Main effects included in GNSS pseudodistance. Courtesy of Leire Retegui-Schiettekatte, based on article “GNSS Basic Observables” by J. Sanz Subirana, J.M. Juan Zornoza and M. Hernández-Pajares, Technical University of Catalonia, Spain (2011), published in ESA Navipedia.
The various applications of GNSS positioning
GNSS-based positioning can be used for a wide range of applications, with each application demanding different accuracy levels [5]. The civil applications are probably the most well-known: GPS/GNSS services in smartphones and cars typically offer meter-level accuracy, making our everyday life easier and helping us reach our destinations. GNSS devices are also used in public transport (for example, trains, boats, and planes) to help track the location of these vehicles, for which a more accurate and reliable positioning is required.
Other applications, like land surveying, require higher positioning accuracy. Professional GNSS receivers are used to find the position of landmarks or points in a terrain, with variable accuracy above or below a centimeter, depending on the technique used and the corrections applied. Military applications—one of the original drivers behind GNSS development—also require a high positioning accuracy.
GNSS positioning at the millimeter-level accuracy is also used in Earth sciences.

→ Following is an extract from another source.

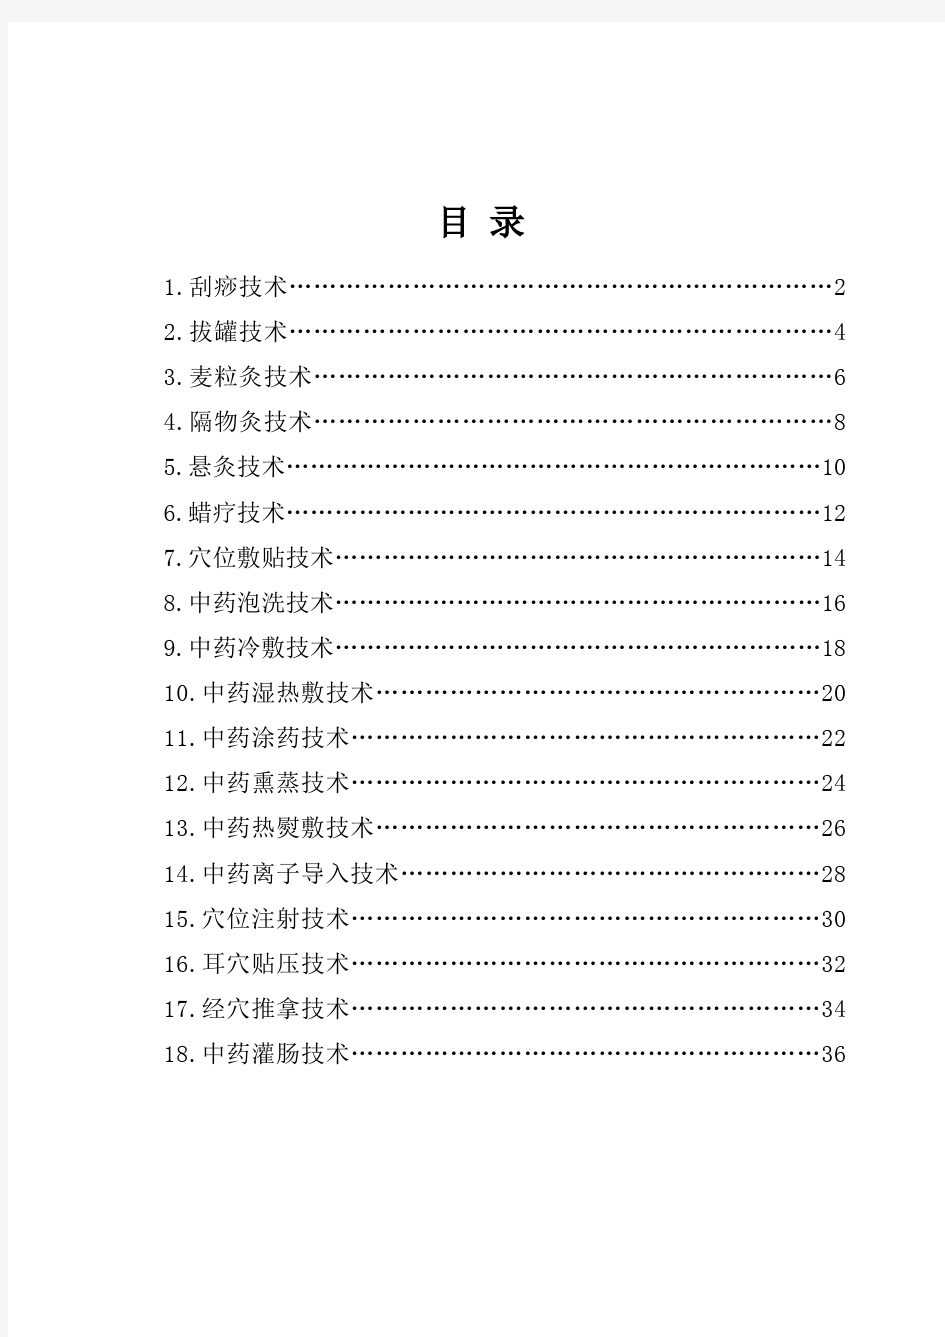 中医护理技术18项操作流程及评分标准
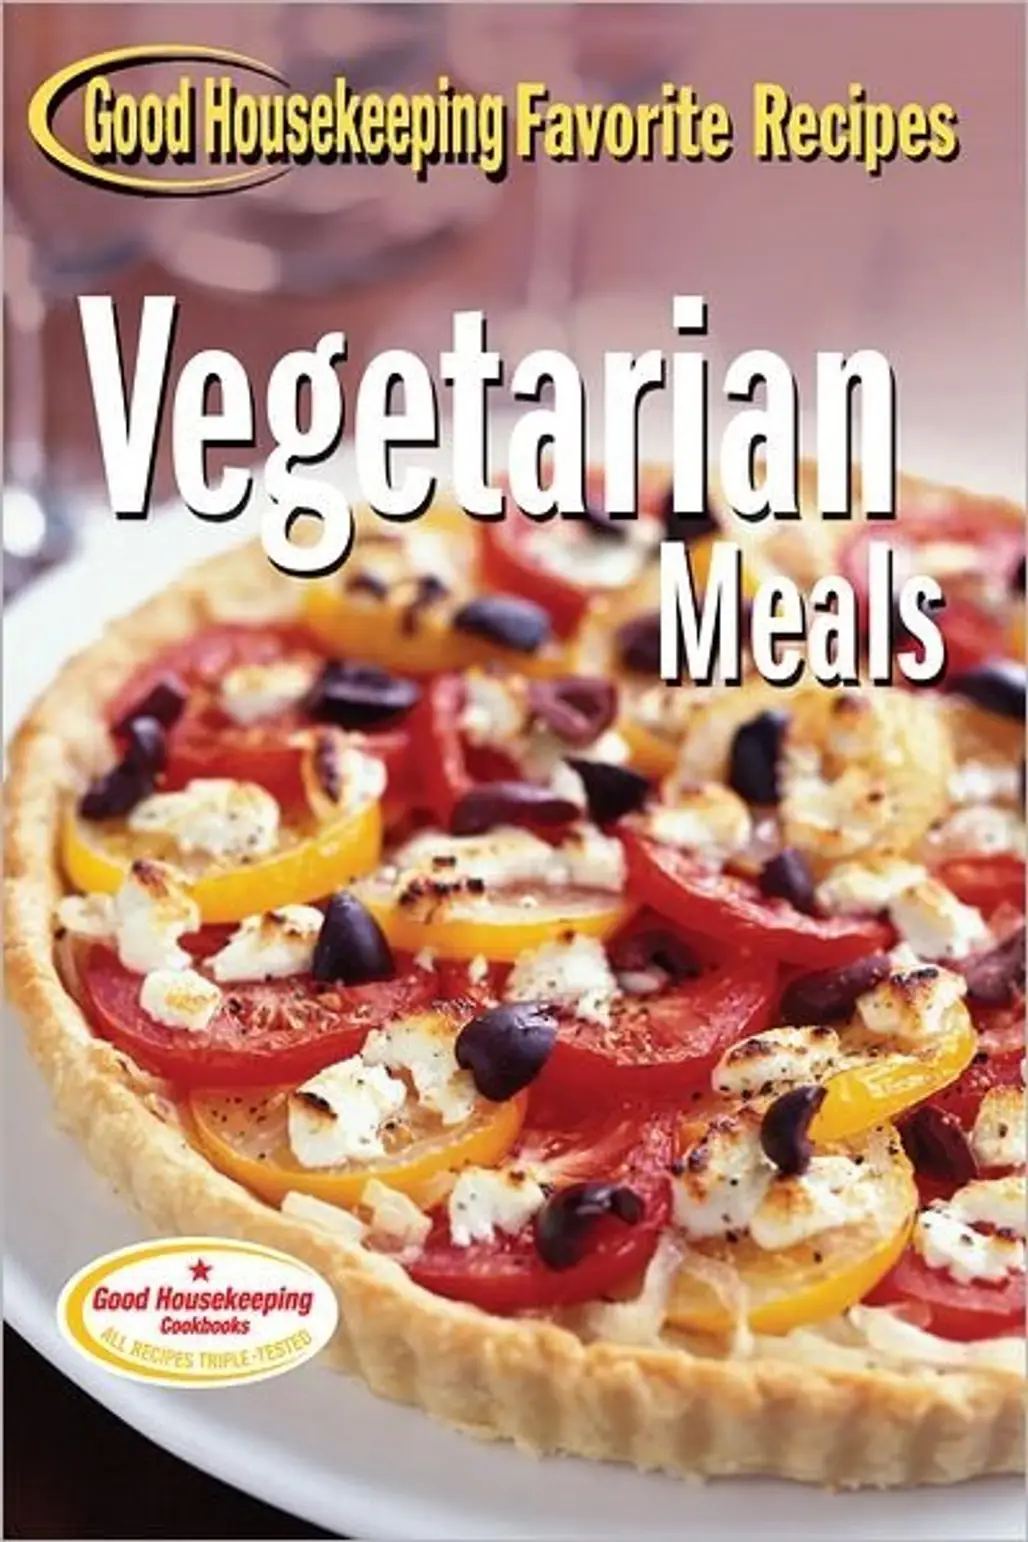 Good Housekeeping Favorite Recipes: Vegetarian Meals

GNSS receivers installed on stable bedrock can be used to measure the deformation of the land caused by geodynamics (for example, tectonics or earthquakes). On our blog, you can dive into exciting scientific GNSS measurement campaigns in East Africa or even in Antarctica!
These are only some of the uses of GNSS technologies, but new, original, and innovative applications still continue to emerge in science and industry. Who knows which additional applications the future will bring!